When a supplier realizes that a product or products need to be recalled, they log into the server and posts information relating to which suppliers and which products need to be recalled. The service then advises the retailers of the recall – which is then acknowledged in some way by the retailer. The assumption is that from here on the retailer executes some agreed process with the supplier for physical disposition of the product and/or financial considerations.
All this sounds good – and it is. But where does all this data come from? The same standards body, GS1 US, has been part of a wider, deeper initiative, called Global Data Synchronization (GDS), GDS is a technology solution (using the Global Data Synchronization Network – GDSN) that synchronizes product data between suppliers and retailers. GDS has been an active initiative for over 10 years; it is global. Several large global suppliers and retailers have worked to make local data pools (regional stores of product data for groups of buyers and/or sellers) to be “interoperable” – which means that product data is exchanged between data pools. The concept is that a supplier registers once a new product; and can from here share any and all necessary product data with any and all customers around the globe. The concept is pretty simple – the practice is much more complex. But GDS is established; it does work; it just does not work as well as expected but each year it makes some progress in terms of scope, adoption, and use.
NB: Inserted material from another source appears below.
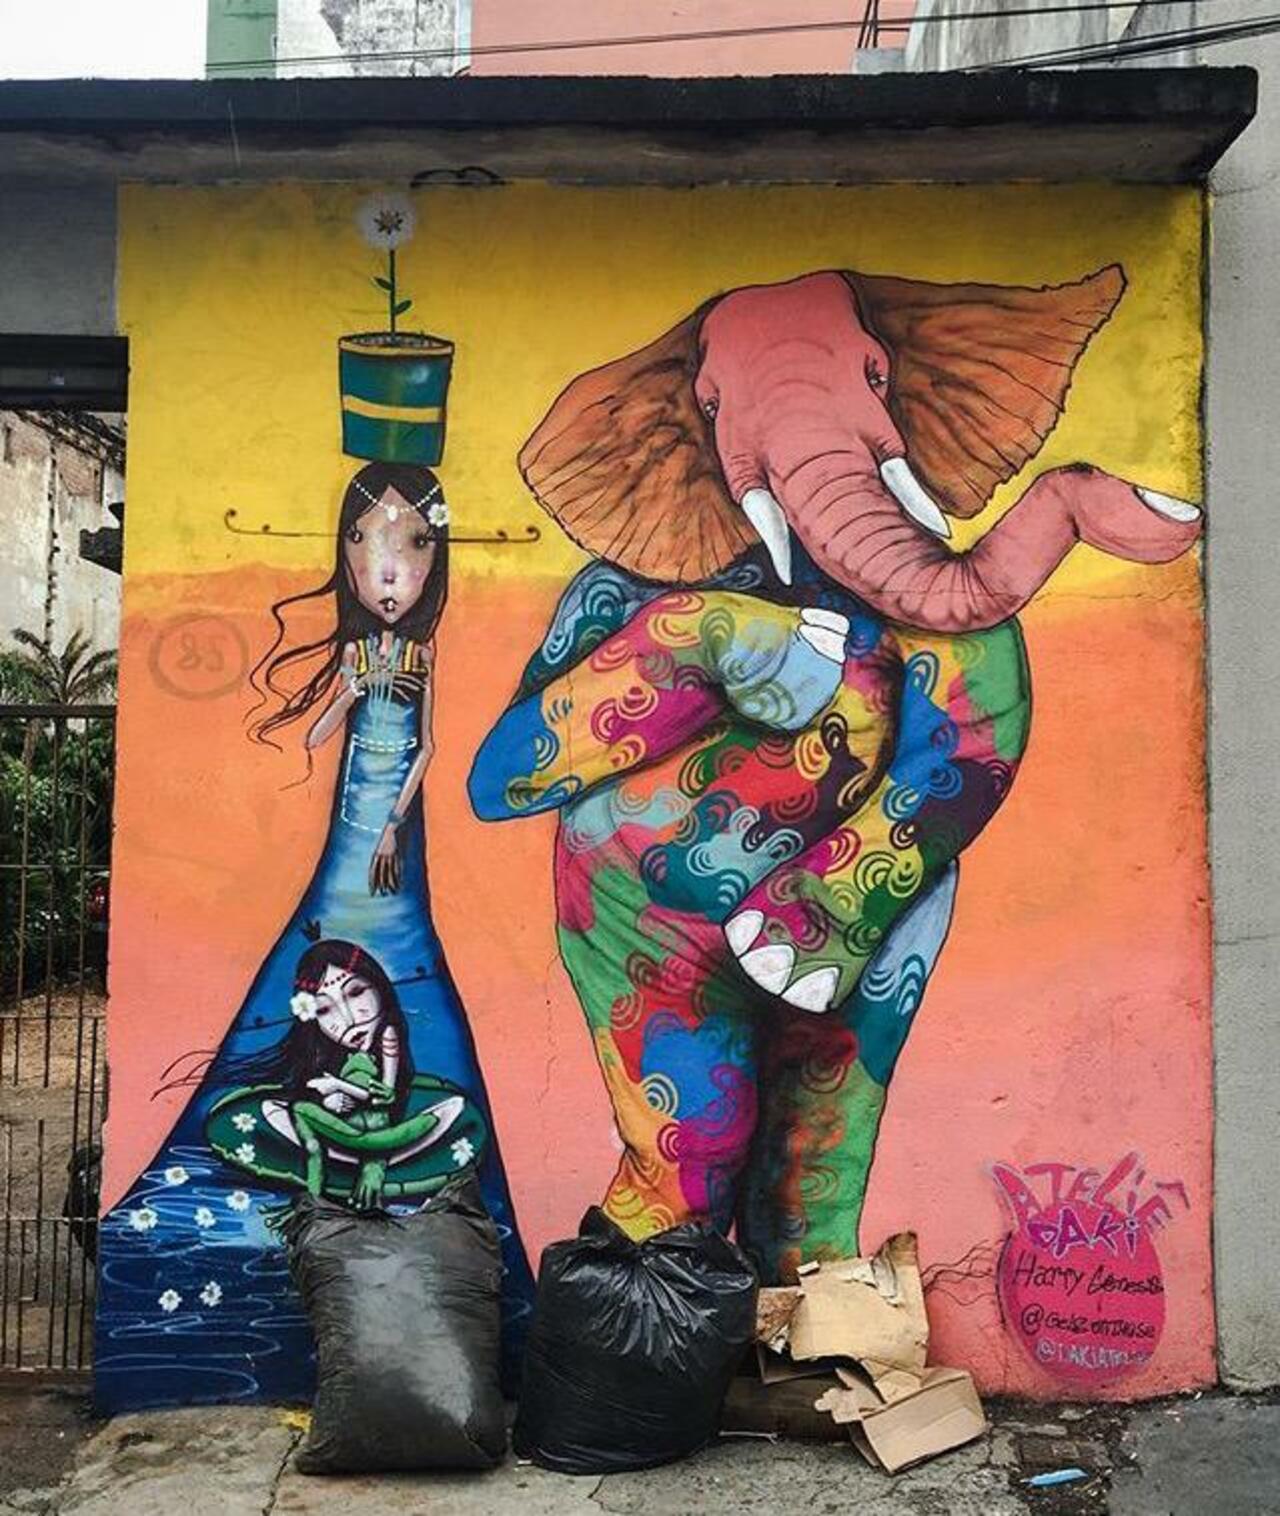 Street Art by Harry Geneis & Gelson in São Paulo #art #mural #graffiti #streetart http://t.co/SlLbhuMZfD … … …… … http://twitter.com/charlesjackso14/status/648021495617331200

The service – how to communicate product (and related) data quickly, easily, and in a more automated fashion – should be another reason why GDS should be more widely adopted! The same standards body will lament, every year, “why cant’ we get GDS adopted more broadly?” yet, with this potential home run, they have grounded out. Or, if you prefer, instead of hitting a “six”, GS1 US has hit its own wicket.
OK, so the launch is only grocery products – and GDSN was never strong (early on) with perishable and grocery type products due to the fact that product specifications are not uniform (think catch weight). However, with the use of UPC and more recently, GTIN, this should not have been an issue.
Such a product recall process is reliant on accurate, available, product data. And it is strange that it is not tied to GDSN. By launching this service independent of GDSN the standards body is creating the potential for creating more, duplicate industry data, and harming the overall data quality that spans the supply chain they service.
Am I a perfectionist? Am I silly for asking the question? Is “practical reality” really that practical?